DATA SECTION =>
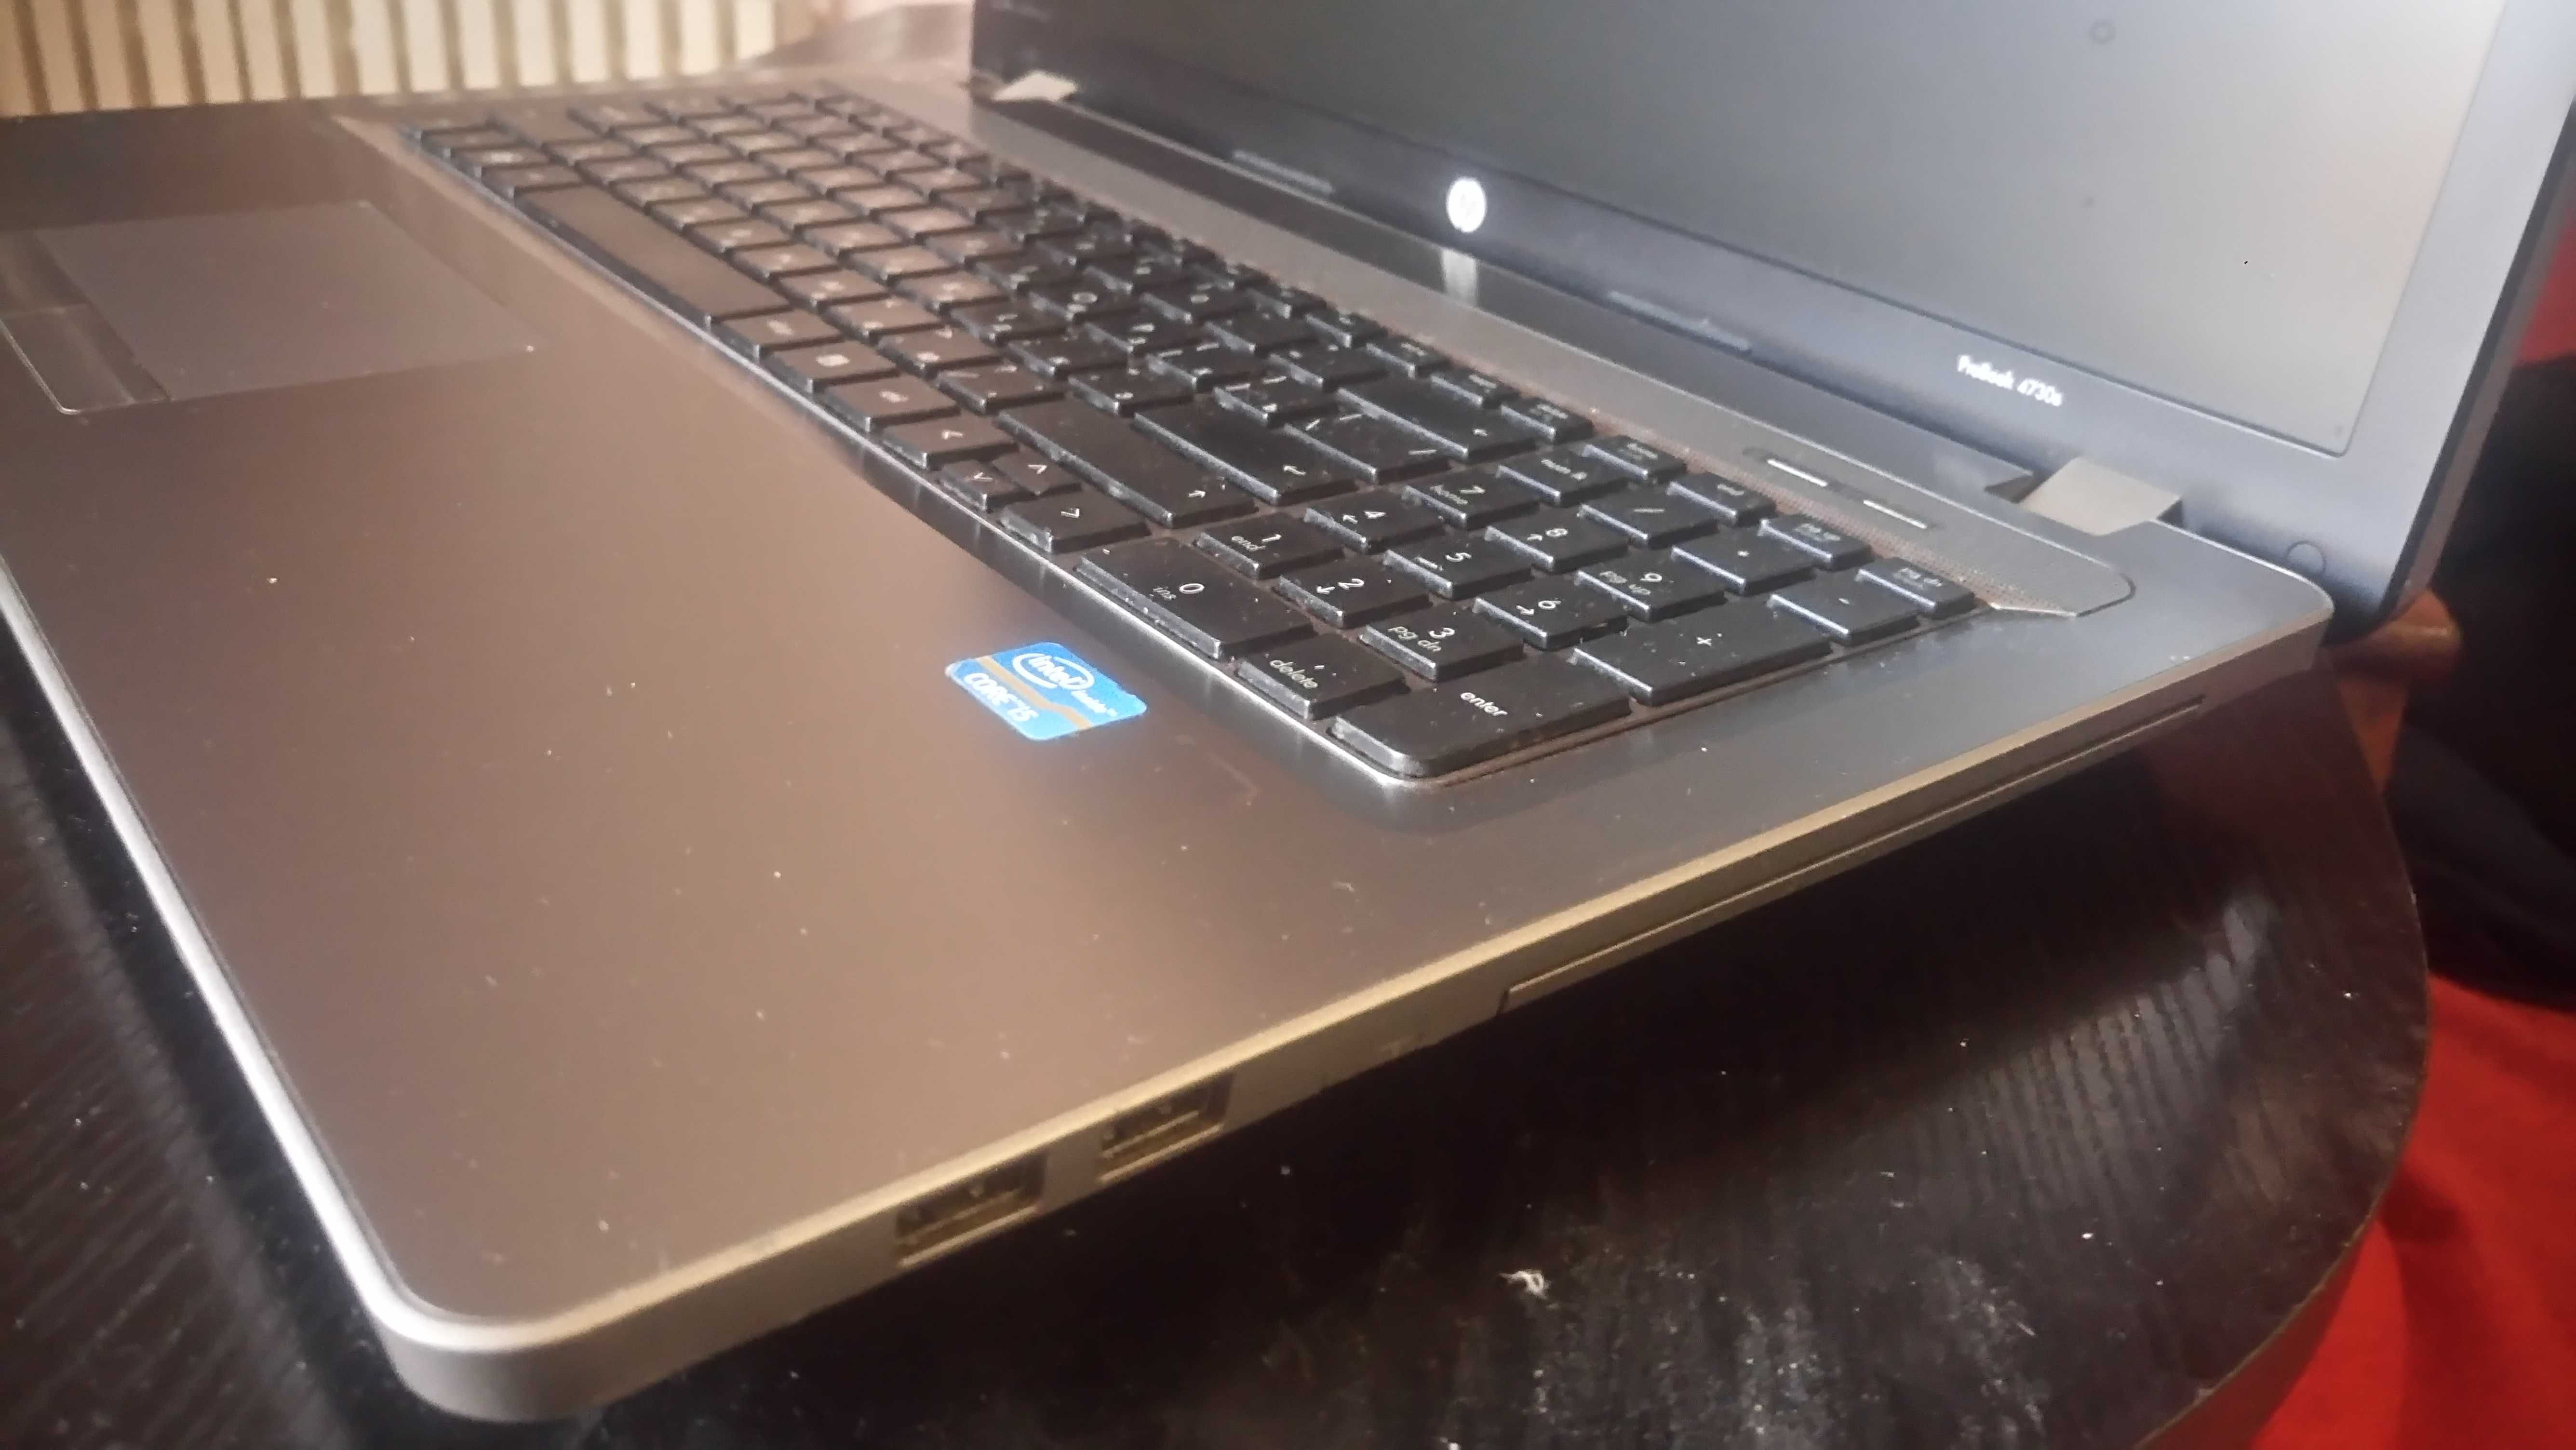 Ноутбук HP ProBook 4730s (Intel Core i5-2430M, дисплей 17,3, ОЗУ4 Гб)
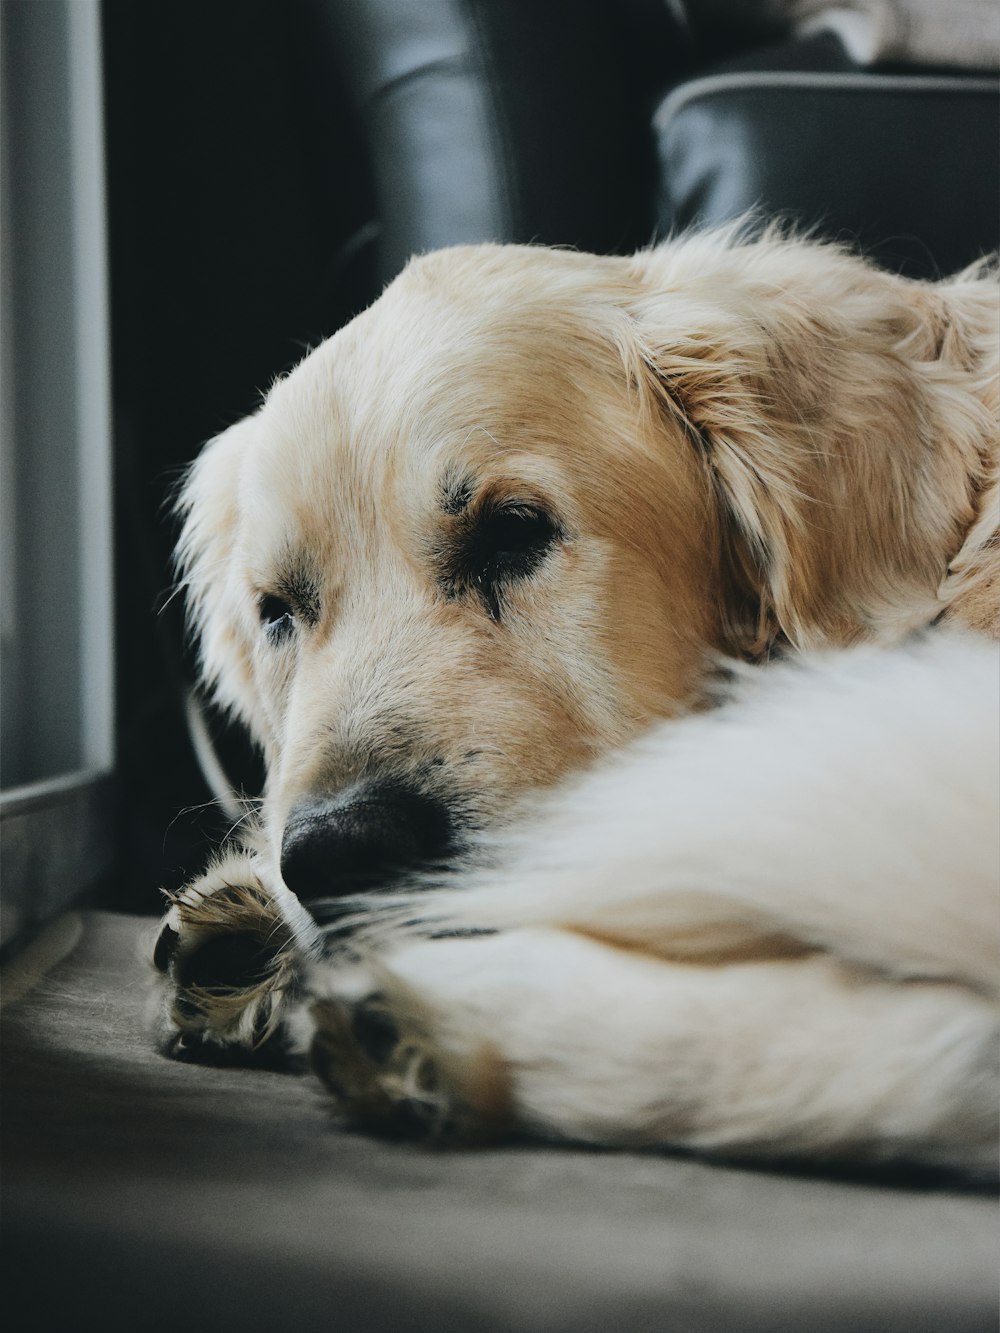 Photographie sélective de la mise au point d’un chien brun couché sur une surface grise
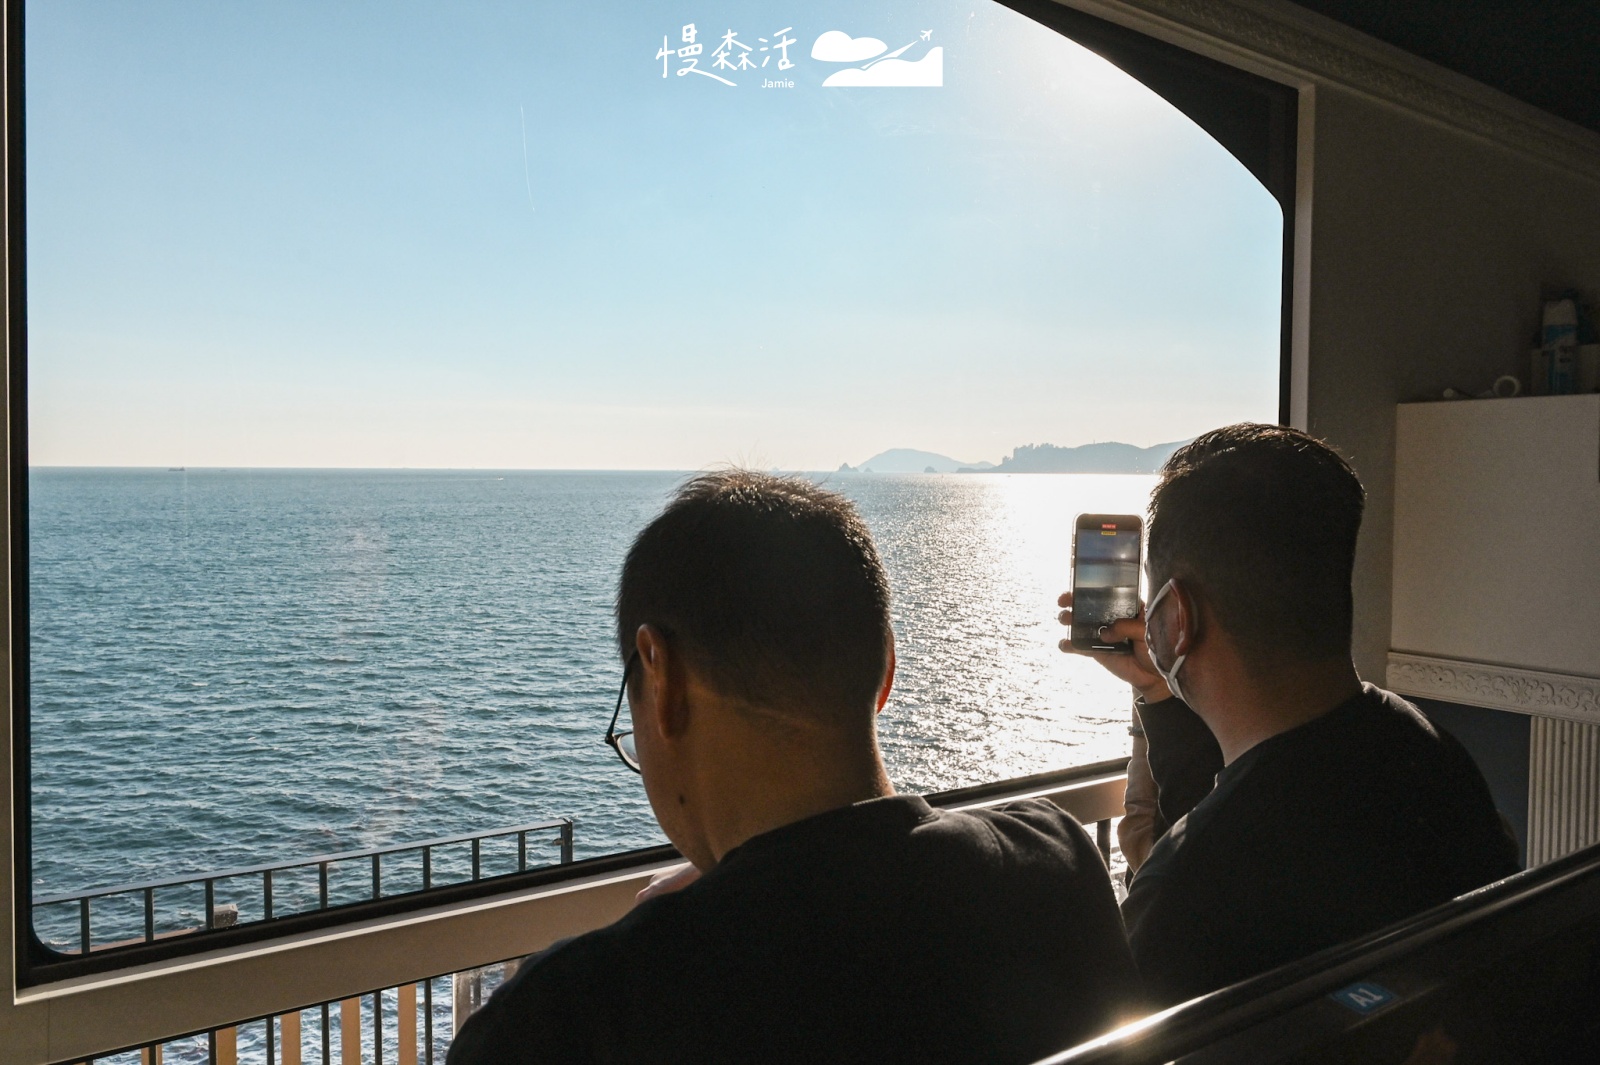 韓國釜山 海雲台藍線公園Blueline Park 濱海列車內部風景

WORK ITEM =>
Transcribe the whole listing exactly. Pictures stay out of your copy.

EXERCISE RESULT =>
 Ноутбук HP ProBook 4730s (Intel Core i5-2430M, дисплей 17,3, ОЗУ4 Гб)
 Photographie sélective de la mise au point d’un chien brun couché sur une surface grise
 韓國釜山 海雲台藍線公園Blueline Park 濱海列車內部風景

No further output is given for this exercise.